When writing out the listing below, reproduce every word exactly and skip the pictures.

** Opening Collected data block **

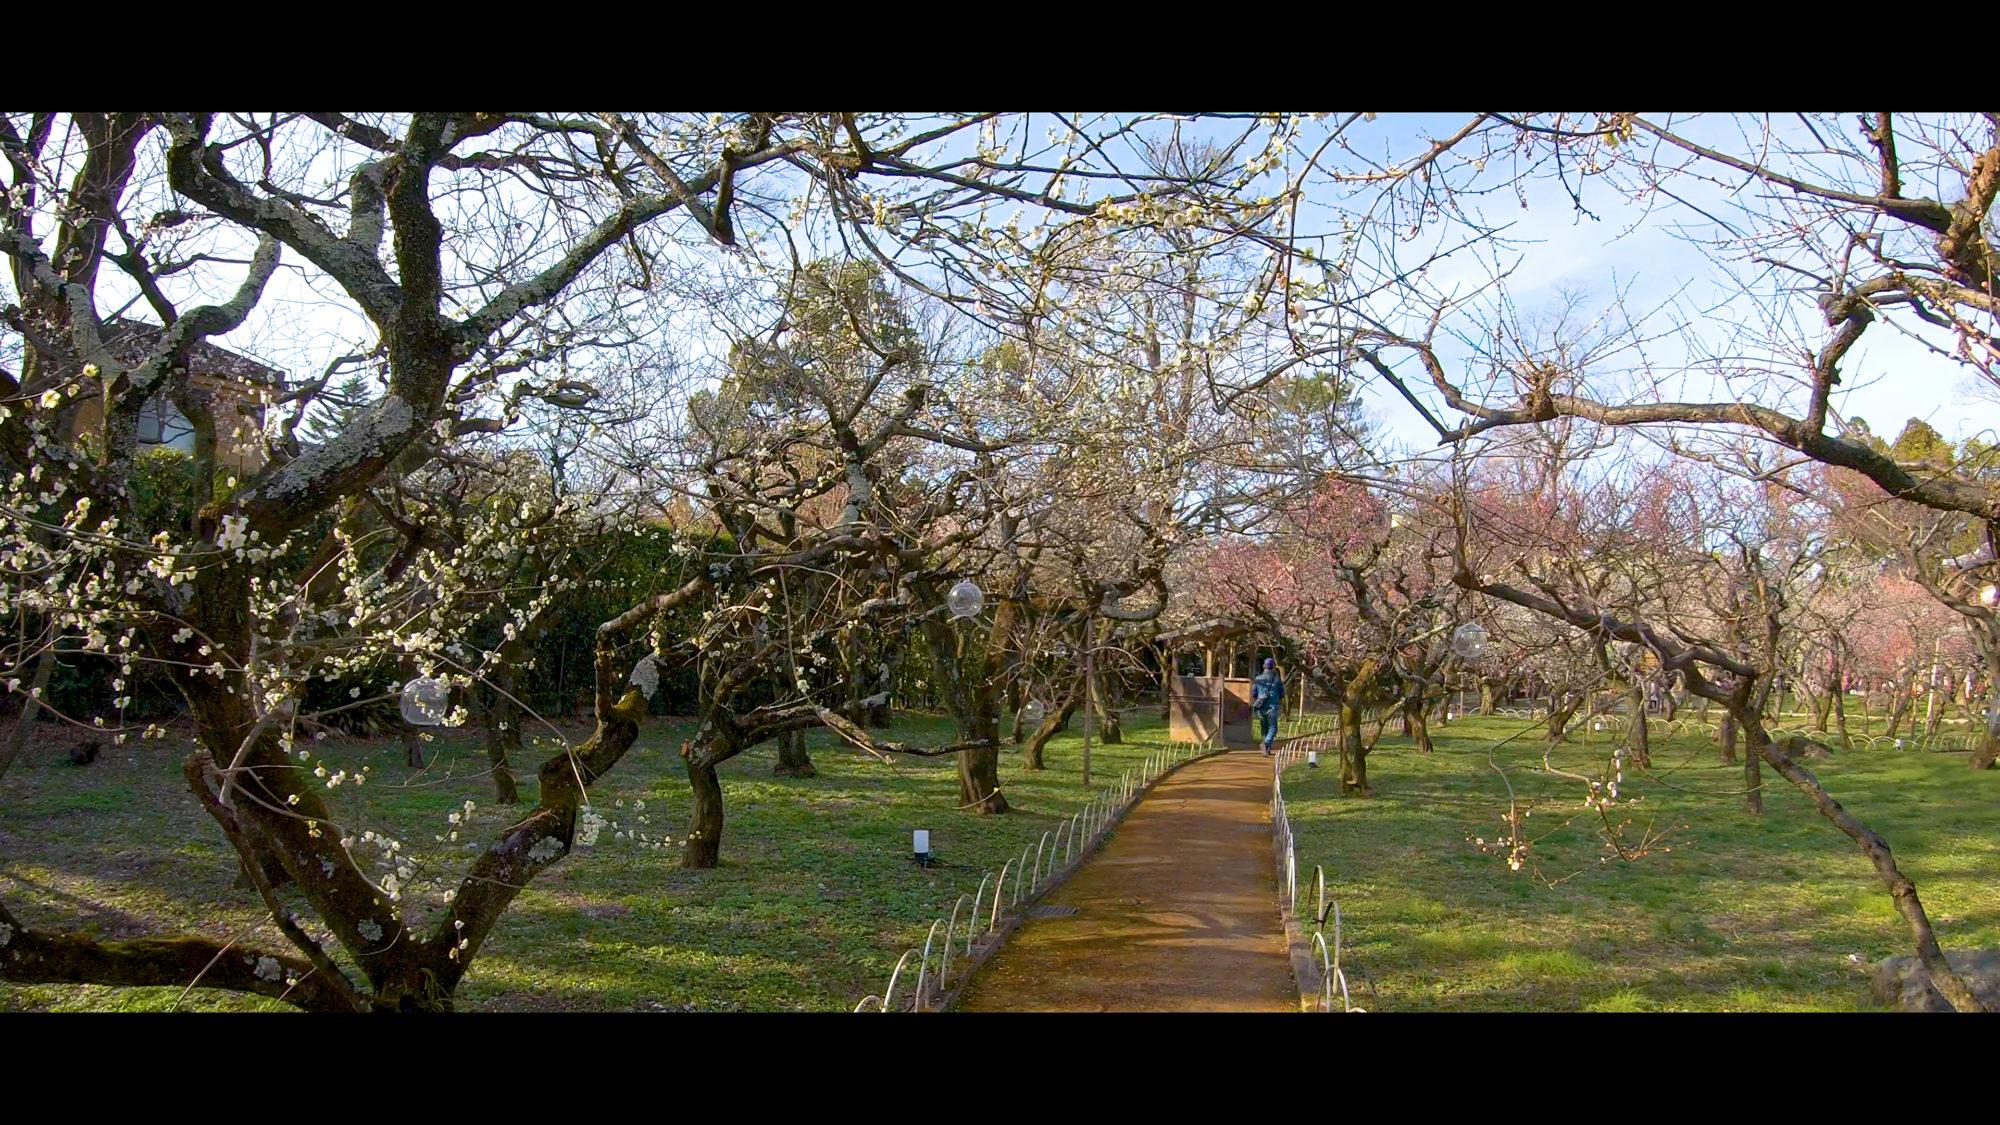 9ce0143b73f5a100ffb0b25f3b961402-e1582382900978 京都府 北野天満宮 Kitano Tenmangu (2020年 京都の春におすすめ梅苑・梅林スポット! 撮影した写真の紹介、ライトアップ・アクセス情報や交通手段・駐車場情報などまとめ)
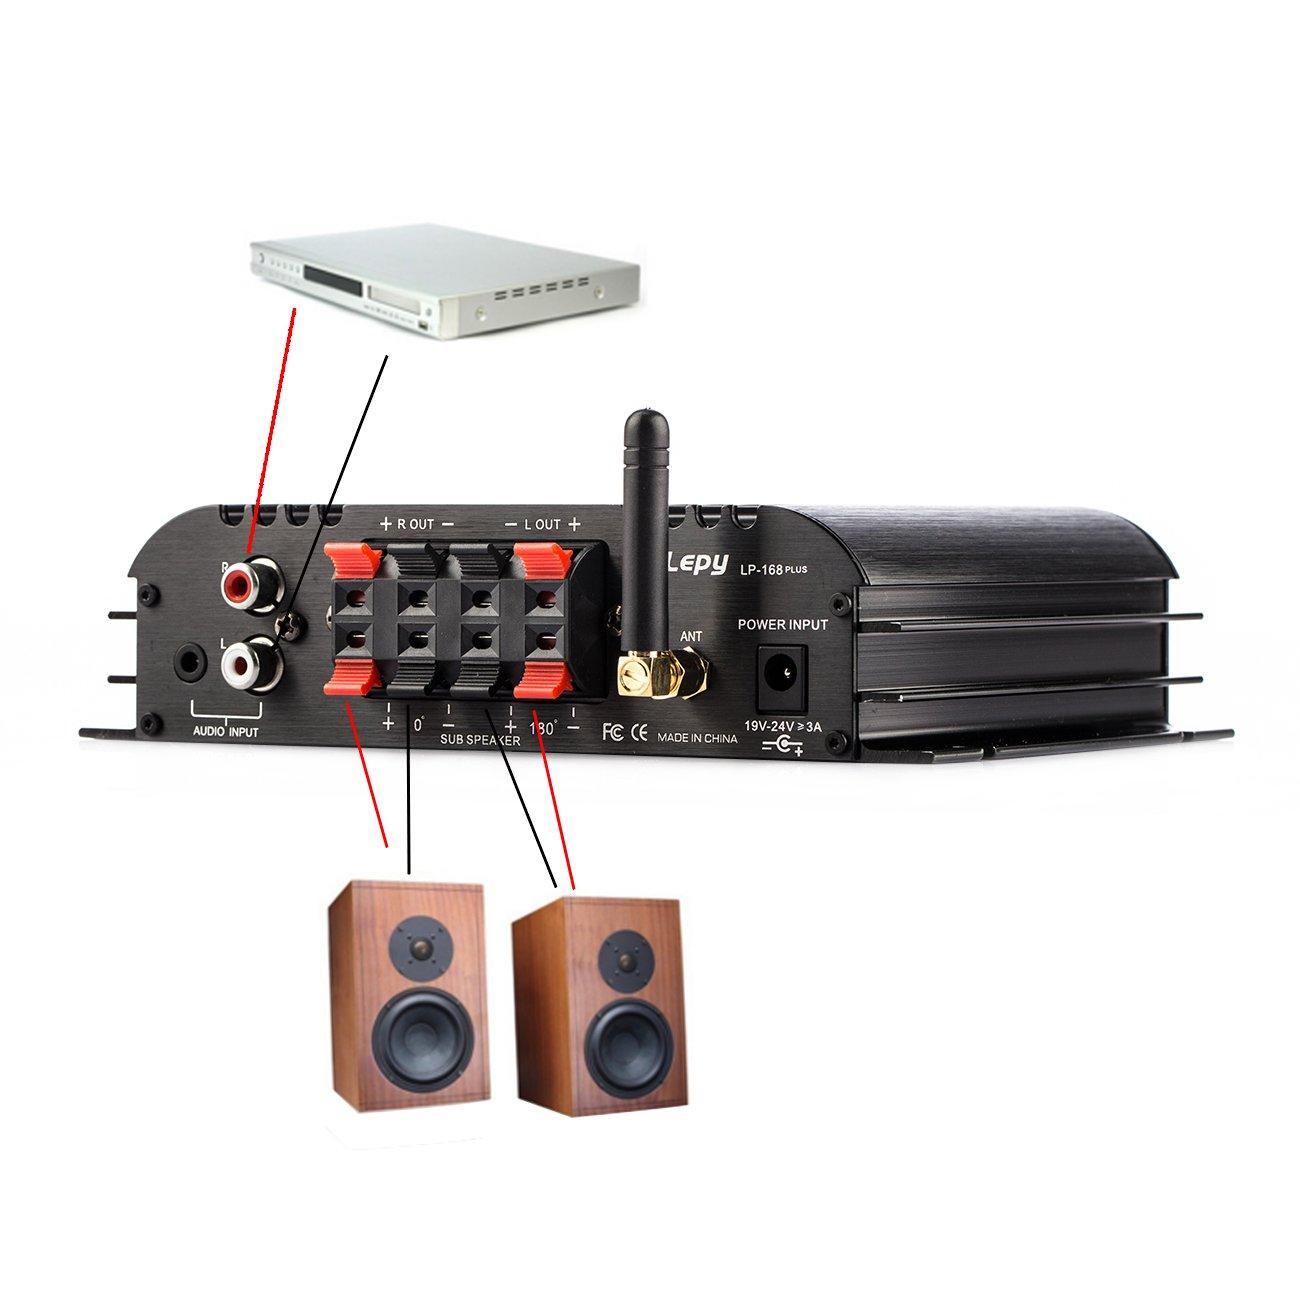 LEPY lp-168/Plus 45/Wx2/ 68/W Amplificador est/éreo USB Bluetooth 2.1/ch Hi-Fi Audio Digital con Entrada de Subwoofer
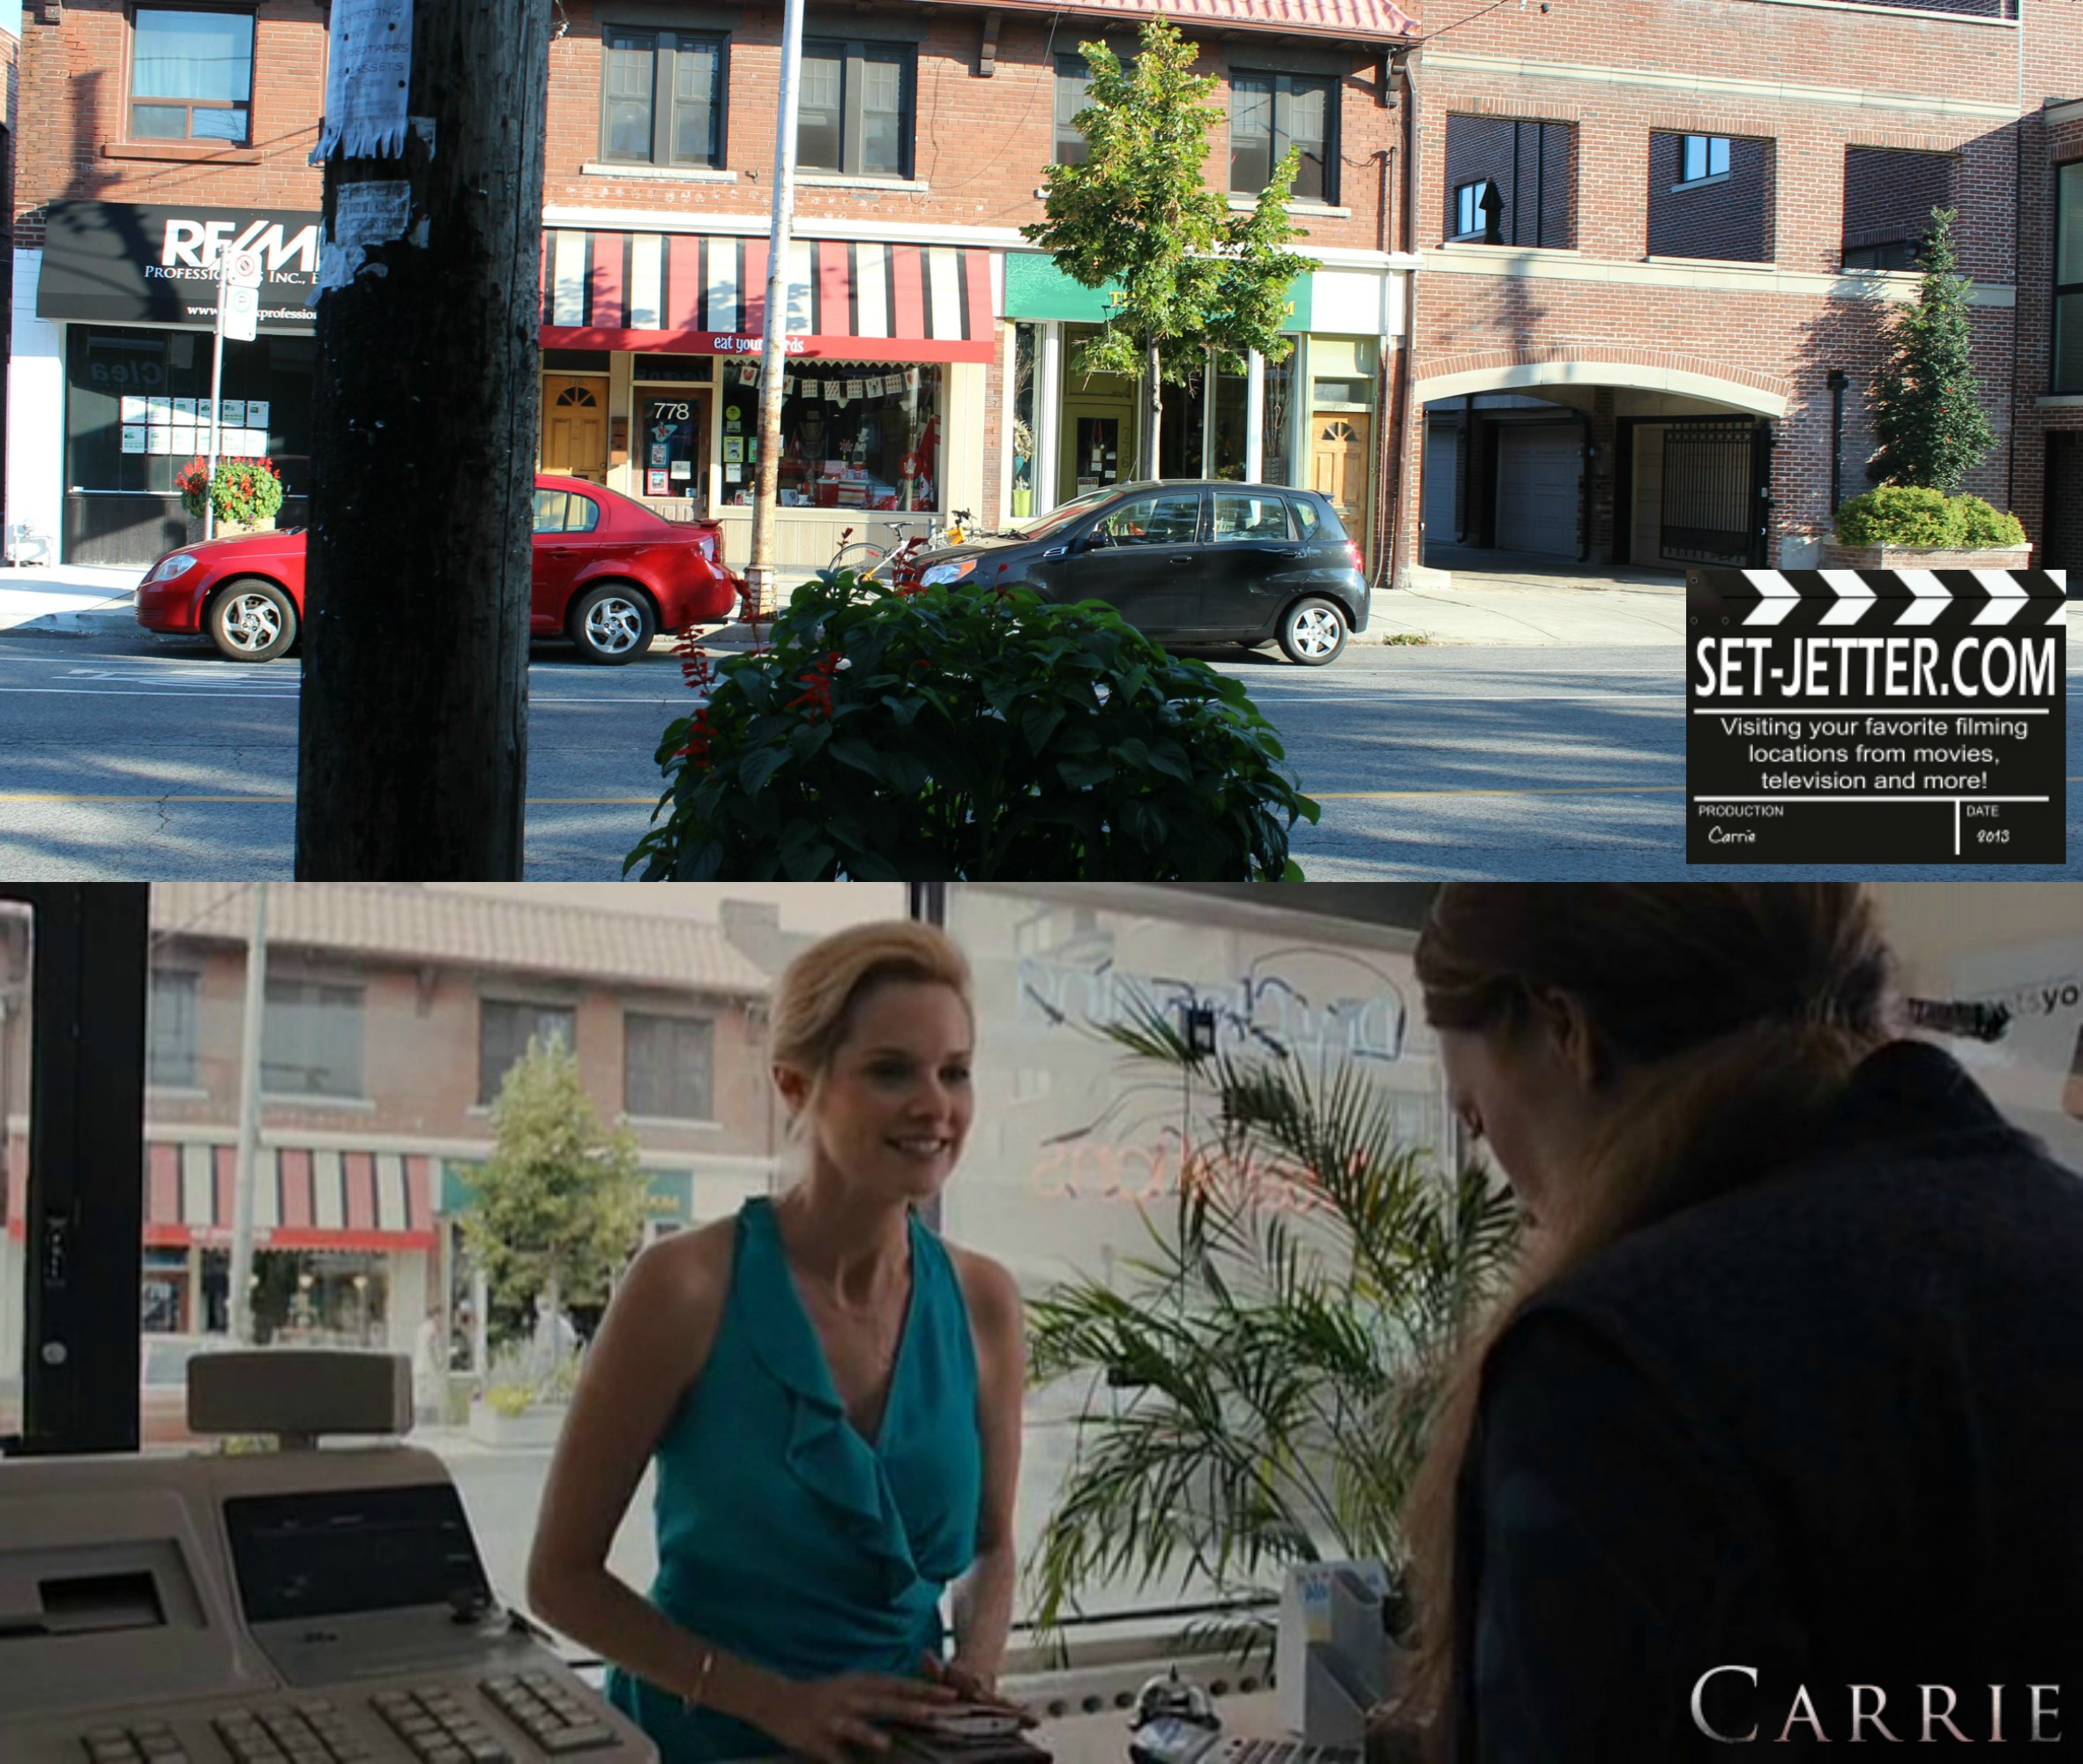 Carrie 2013 comparison 144.jpg

** Closing Collected data block **

» **Answer to this problem**
 9ce0143b73f5a100ffb0b25f3b961402-e1582382900978 京都府 北野天満宮 Kitano Tenmangu (2020年 京都の春におすすめ梅苑・梅林スポット! 撮影した写真の紹介、ライトアップ・アクセス情報や交通手段・駐車場情報などまとめ)
 LEPY lp-168/Plus 45/Wx2/ 68/W Amplificador est/éreo USB Bluetooth 2.1/ch Hi-Fi Audio Digital con Entrada de Subwoofer
 Carrie 2013 comparison 144.jpg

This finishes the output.